Peg-Alvograstim

Peg-Alvograstim Adverse Reactions

pegfilgrastim

Manufacturer:

MR Pharma

Distributor:

Maxxcare

Marketer:

Mega Lifesciences
Full Prescribing Info
Adverse Reactions
Summary of the safety profile: Assessment of undesirable effects is based on the following frequency groupings: Very common: ≥1/10; common: ≥1/100, <1/10; uncommon: ≥1/1,000, <1/100; rare: ≥1/10,000, <1/1,000; very rare: <1/10,000; not known: cannot be estimated from the available data.
The most frequently reported adverse reactions were bone pain (very common ≥1/10) and musculoskeletal pain (very common ≥1/10). Bone pain was generally of mild to moderate severity, transient and could be controlled in most patients with standard analgesics.
Hypersensitivity-type reactions, including skin rash, urticaria, angioedema, dyspnoea, erythaema, flushing and hypotension occurred on initial or subsequent treatment with pegfilgrastim (uncommon ≥1/1000 to <1/100).
Serious allergic reactions, including anaphylaxis can occur in patients receiving pegfilgrastim (uncommon ≥1/1000 to <1/100) (see Precautions).
Splenomegaly, generally asymptomatic, is uncommon (≥1/1000 to <1/100) (see Precautions).
Splenic rupture including some fatal cases is uncommonly (≥1/1000 to <1/100) reported following administration of pegfilgrastim (see Precautions).
Uncommon (≥1/1000 to <1/100) pulmonary adverse effects including interstitial pneumonia, pulmonary oedema, pulmonary infiltrates and pulmonary fibrosis have been reported. Uncommonly (≥1/1000 to <1/100), cases have resulted in respiratory failure or Adult Respiratory Distress Syndrome (ARDS), which may be fatal (see Precautions).
Isolated cases of sickle cell crises have been reported in patients with sickle cell disease (uncommon ≥1/1000 to <1/100 in sickle cell patients) (see Precautions).
Tabulated summary of adverse reactions: The data listed as follows describe adverse reactions reported from clinical trials and spontaneous reporting.
Within each frequency grouping, undesirable effects are presented in order of decreasing seriousness. (See table.)

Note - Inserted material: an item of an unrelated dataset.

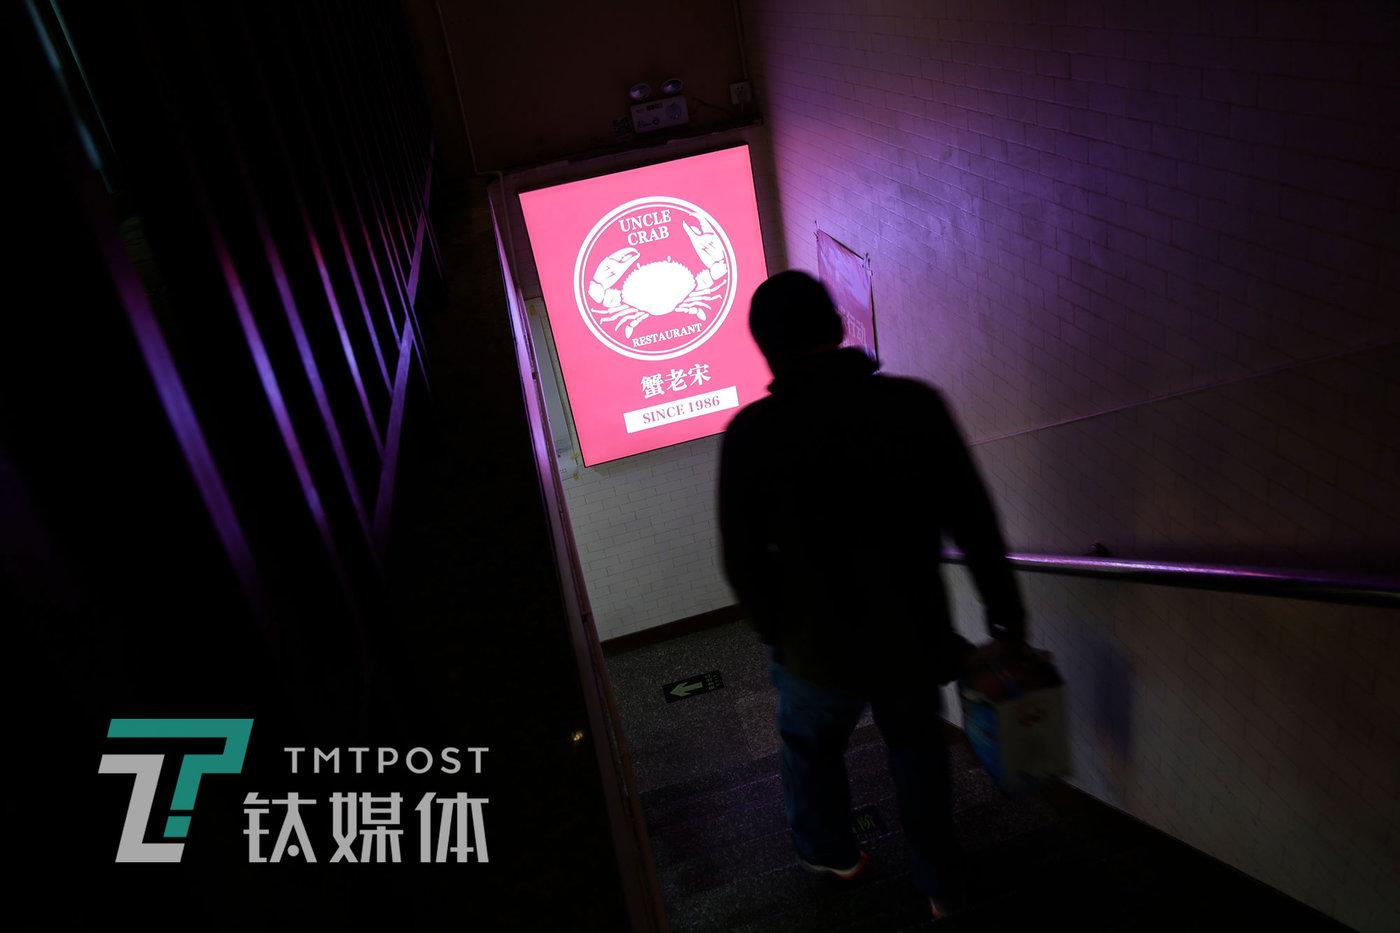 4月4日,北京,蟹老宋餐厅内打包外食的客人。

Click on icon to see table/diagram/image

Description of selected adverse reactions: Uncommon: (≥1/1000 to <1/100) cases of Sweet's syndrome have been reported, although in some cases underlying haematological malignancies may play a role.
Uncommon (≥1/1000 to <1/100) events of cutaneous vasculitis have been reported in patients treated with pegfilgrastim. The mechanism of vasculitis in patients receiving pegfilgrastim is unknown.
Injection site reactions, including injection site pain and injection site erythaema (common (≥1/100 to <1/10)) have occurred on initial or subsequent treatment with pegfilgrastim.
Uncommon (≥1/1000 to <1/100) cases of leukocytosis (White Blood Count (WBC) >100 x 109/L) have been reported (see Precautions).
Reversible, mild to moderate elevations in uric acid and alkaline phosphatase, with no associated clinical effects, were uncommon (≥1/1000 to <1/100); reversible, mild to moderate elevations in lactate dehydrogenase, with no associated clinical effects, were uncommon (≥1/1000 to <1/100) in patients receiving pegfilgrastim following cytotoxic chemotherapy.
Nausea and headaches were very commonly observed in patients receiving chemotherapy.
Uncommon (≥1/1000 to <1/100) elevations in liver function tests (LFTs) for ALT (alanine aminotransferase) or AST (aspartate aminotransferase), have been observed in patients after receiving pegfilgrastim following cytotoxic chemotherapy. These elevations are transient and return to baseline.
Common (≥1/100 to <1/10) cases of thrombocytopenia have been reported.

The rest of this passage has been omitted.